#### YOUR GOAL:
The reply must consist of the complete listing, reproduced exactly, with no images included.

#### INFORMATION PROVIDED:
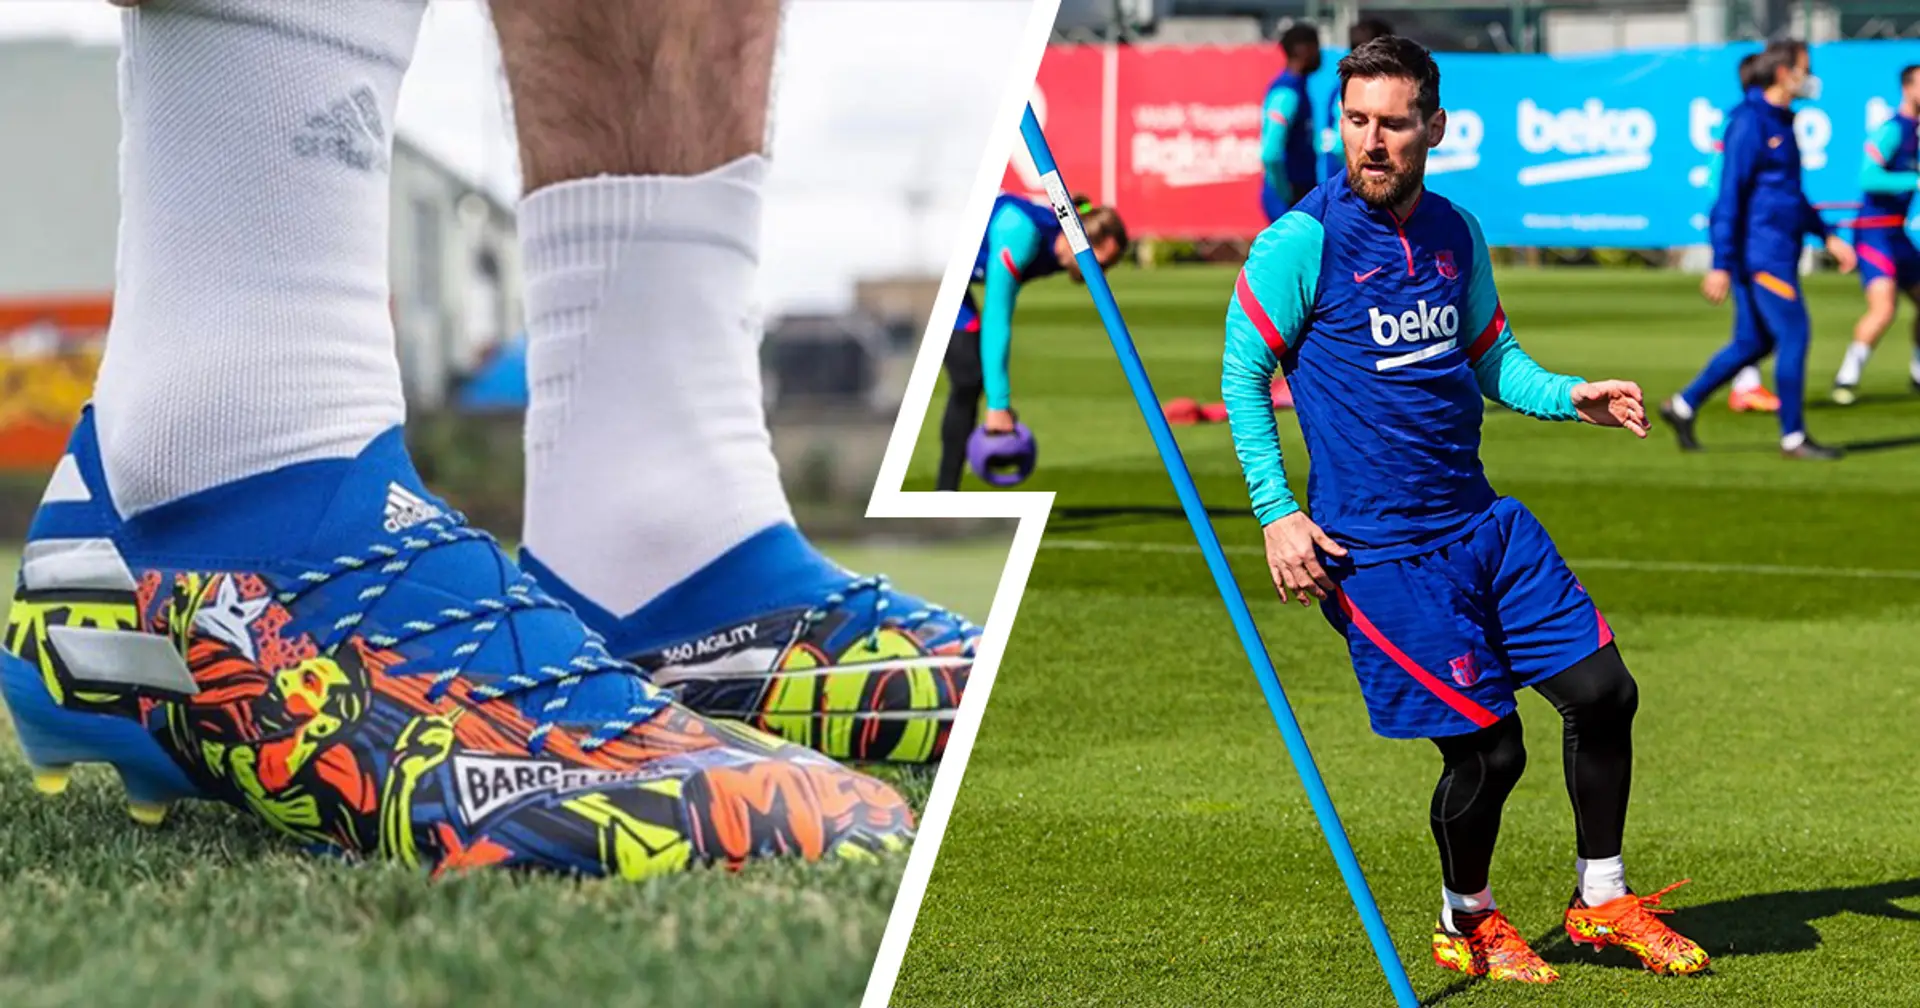 brand new Adidas boots in 2020/21 season: design and other things to know - Football | Tribuna.com
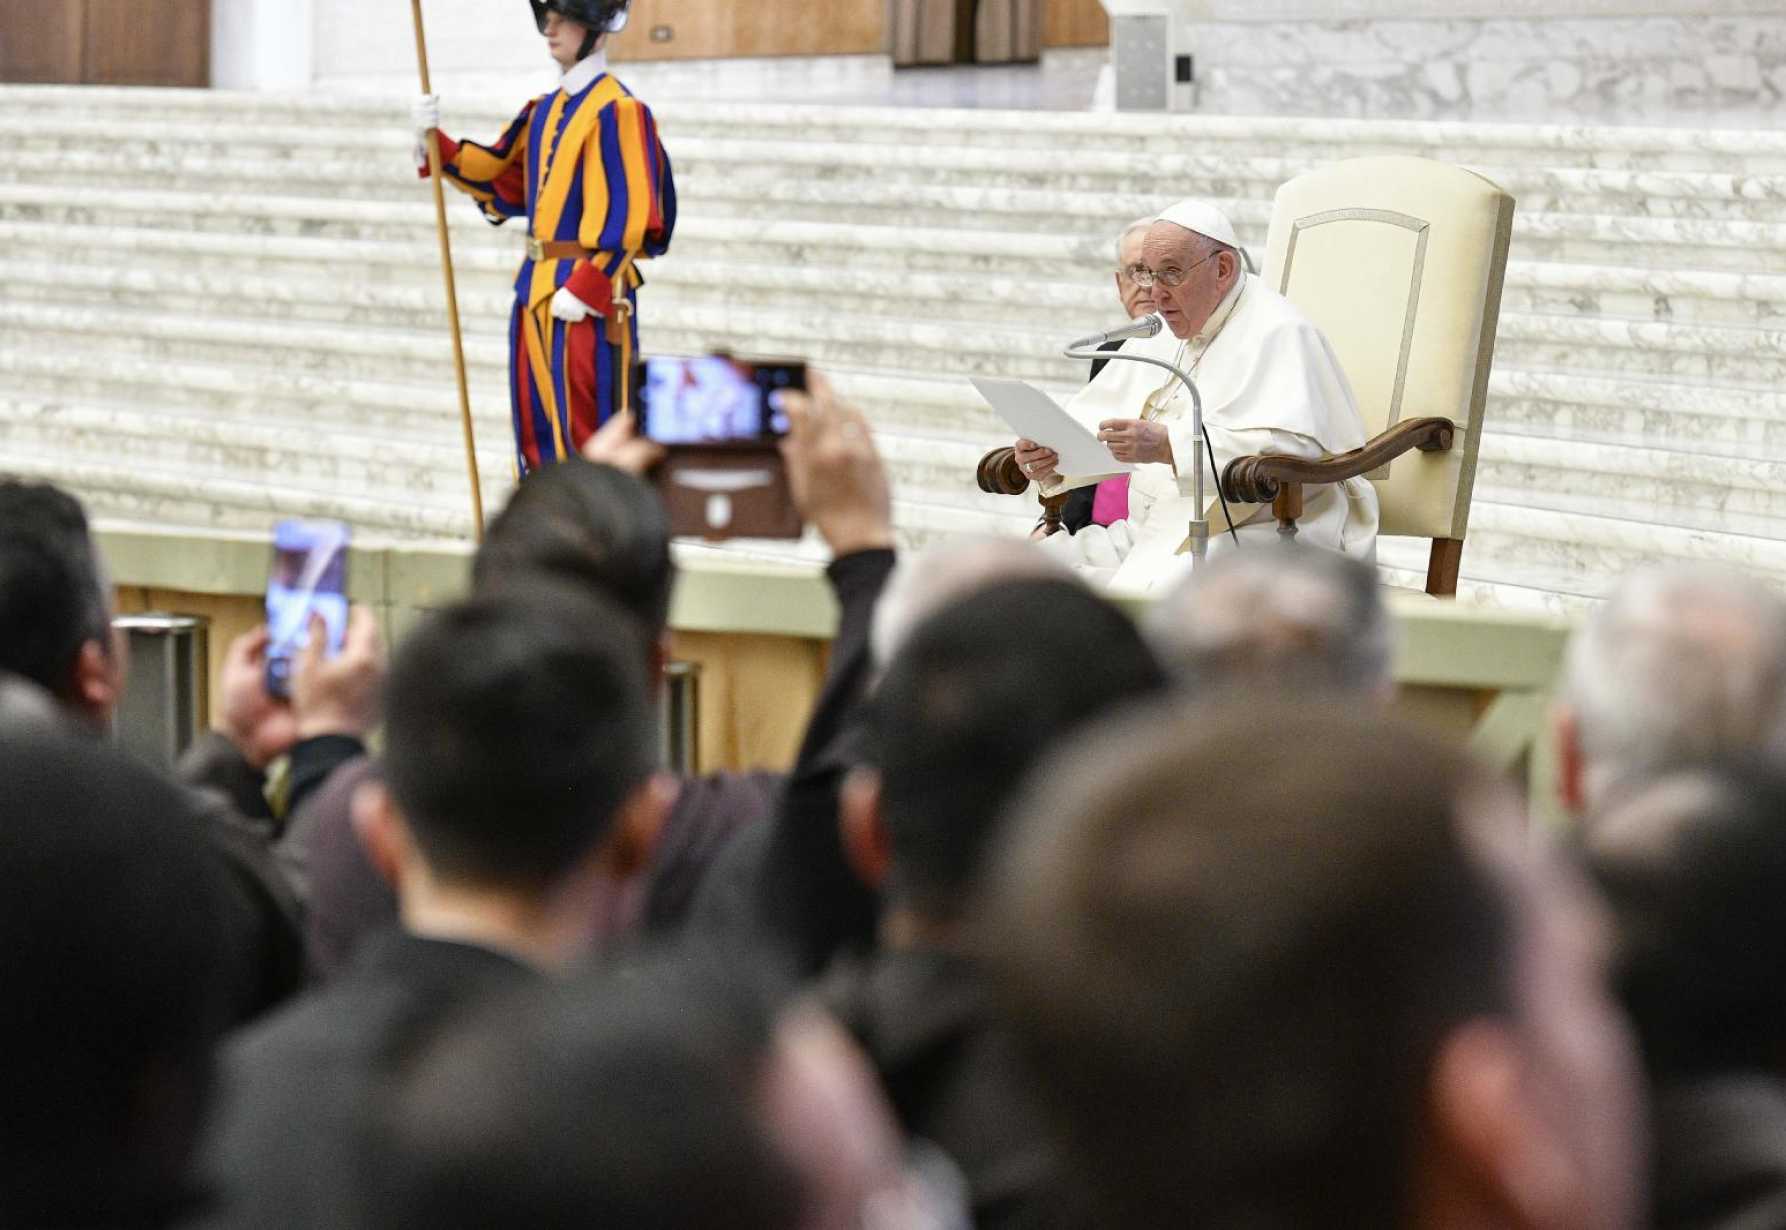 Confession is 'encounter of love' that fights evil, pope tells priests
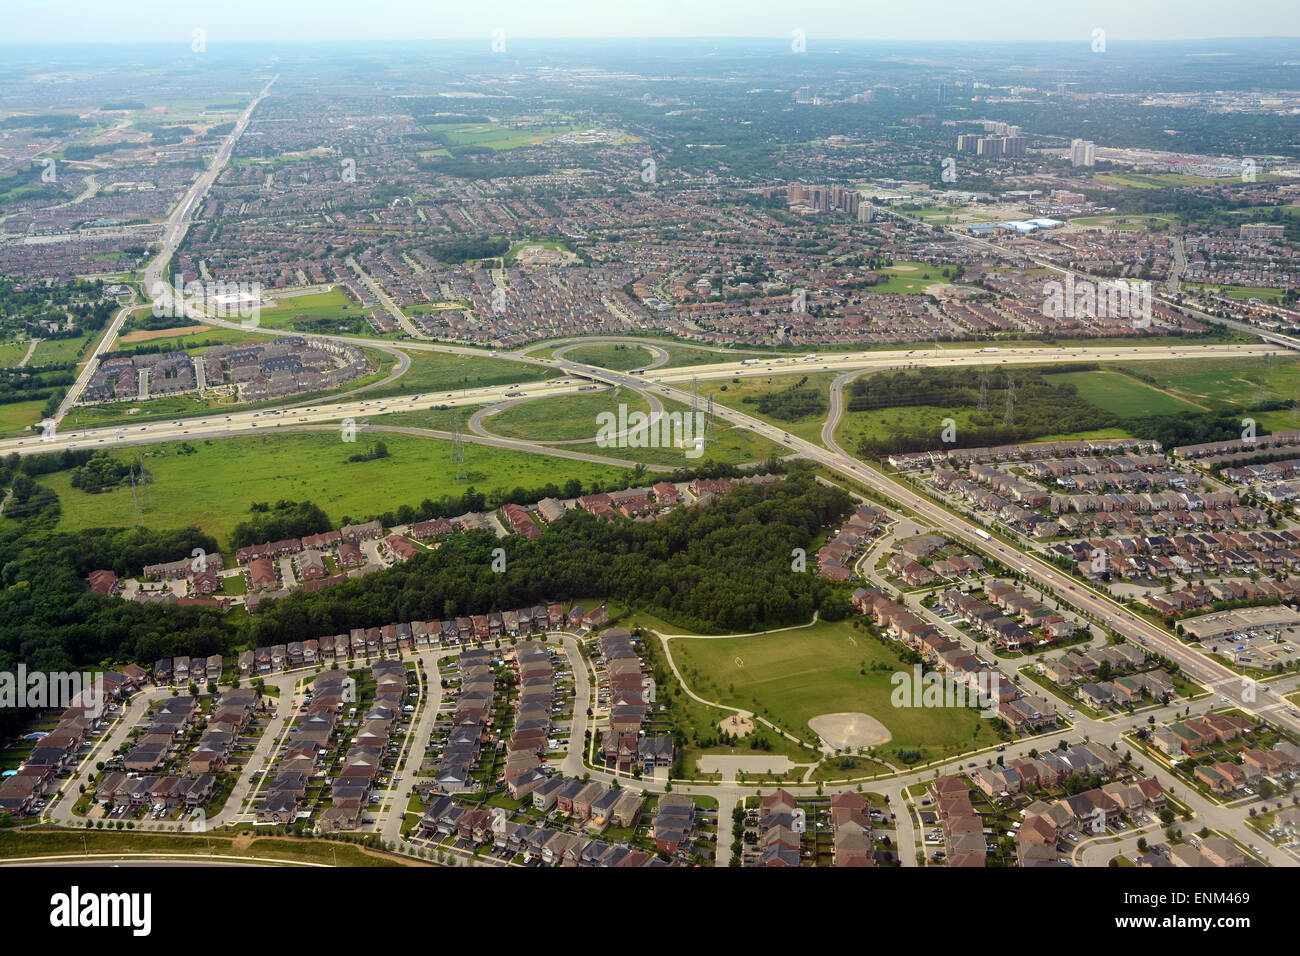 Suburbs and highways Aerial, Toronto, Canada Stock Photo
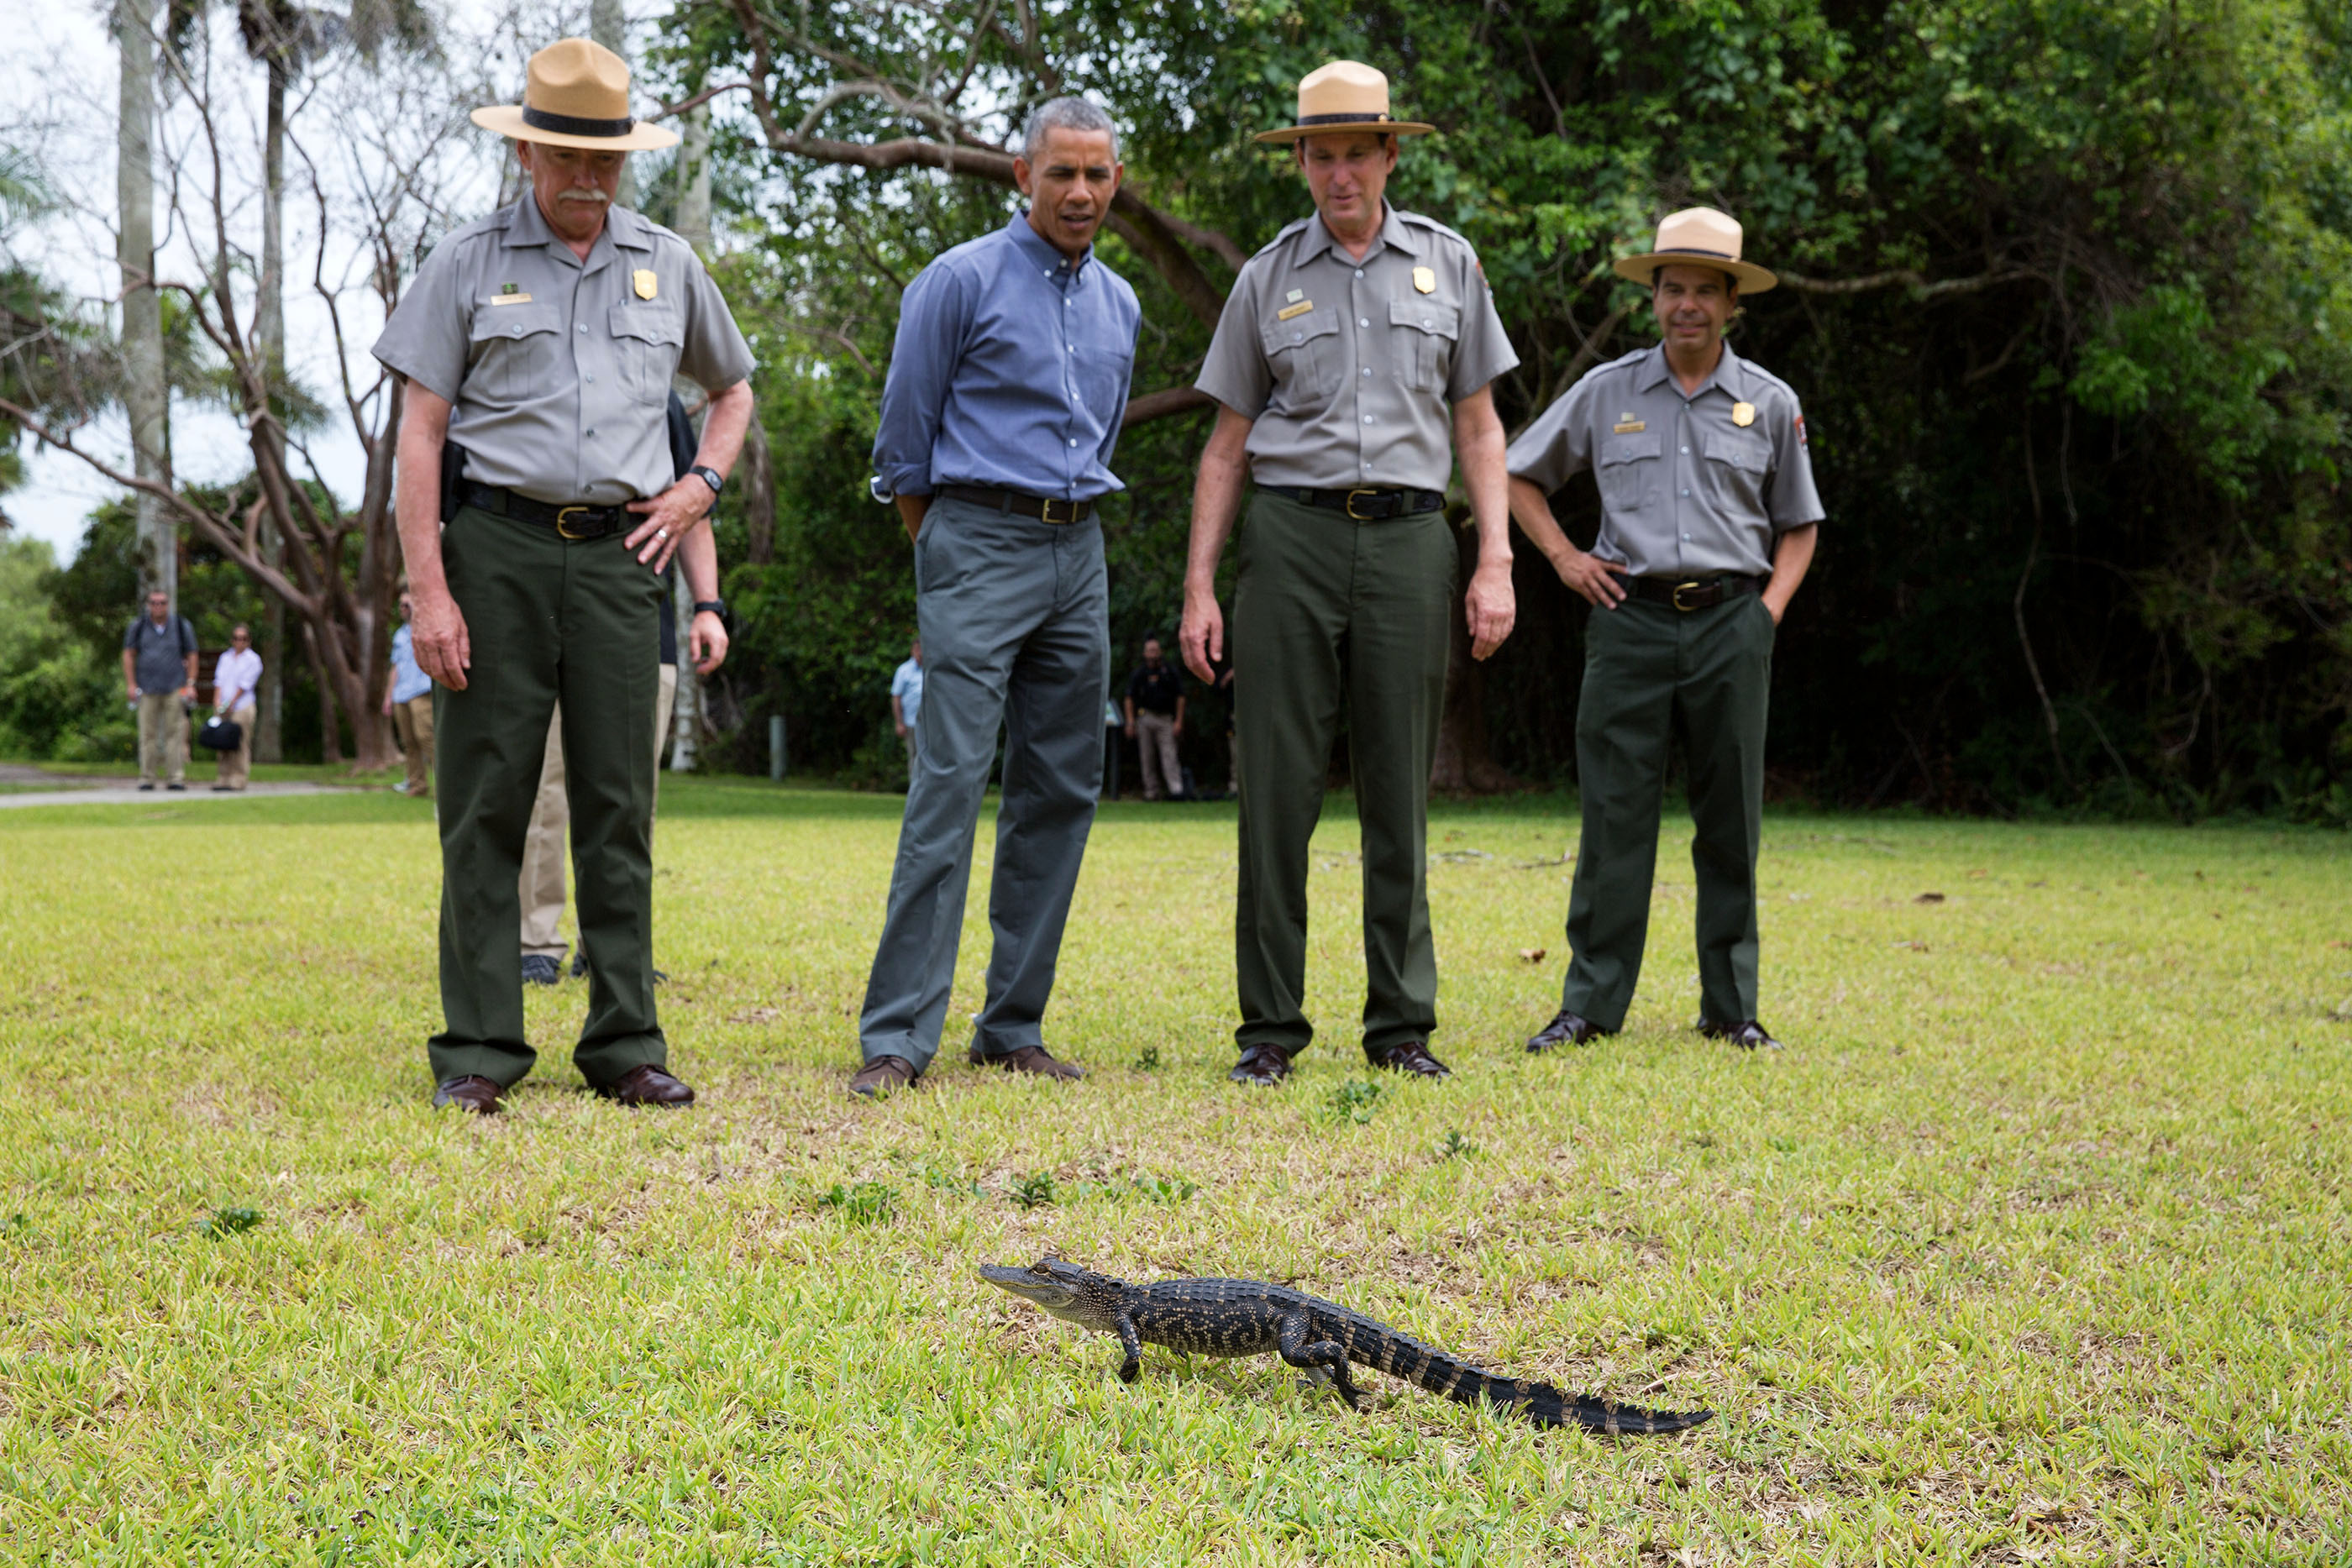 Florida, April 22, 2015. Keeping his distance from a baby alligator on Earth Day at Everglades National Park. (Official White House Photo by Pete Souza)

#### ANSWER FOR THIS EXERCISE:
 brand new Adidas boots in 2020/21 season: design and other things to know - Football | Tribuna.com
 Confession is 'encounter of love' that fights evil, pope tells priests
 Suburbs and highways Aerial, Toronto, Canada Stock Photo
 Florida, April 22, 2015. Keeping his distance from a baby alligator on Earth Day at Everglades National Park. (Official White House Photo by Pete Souza)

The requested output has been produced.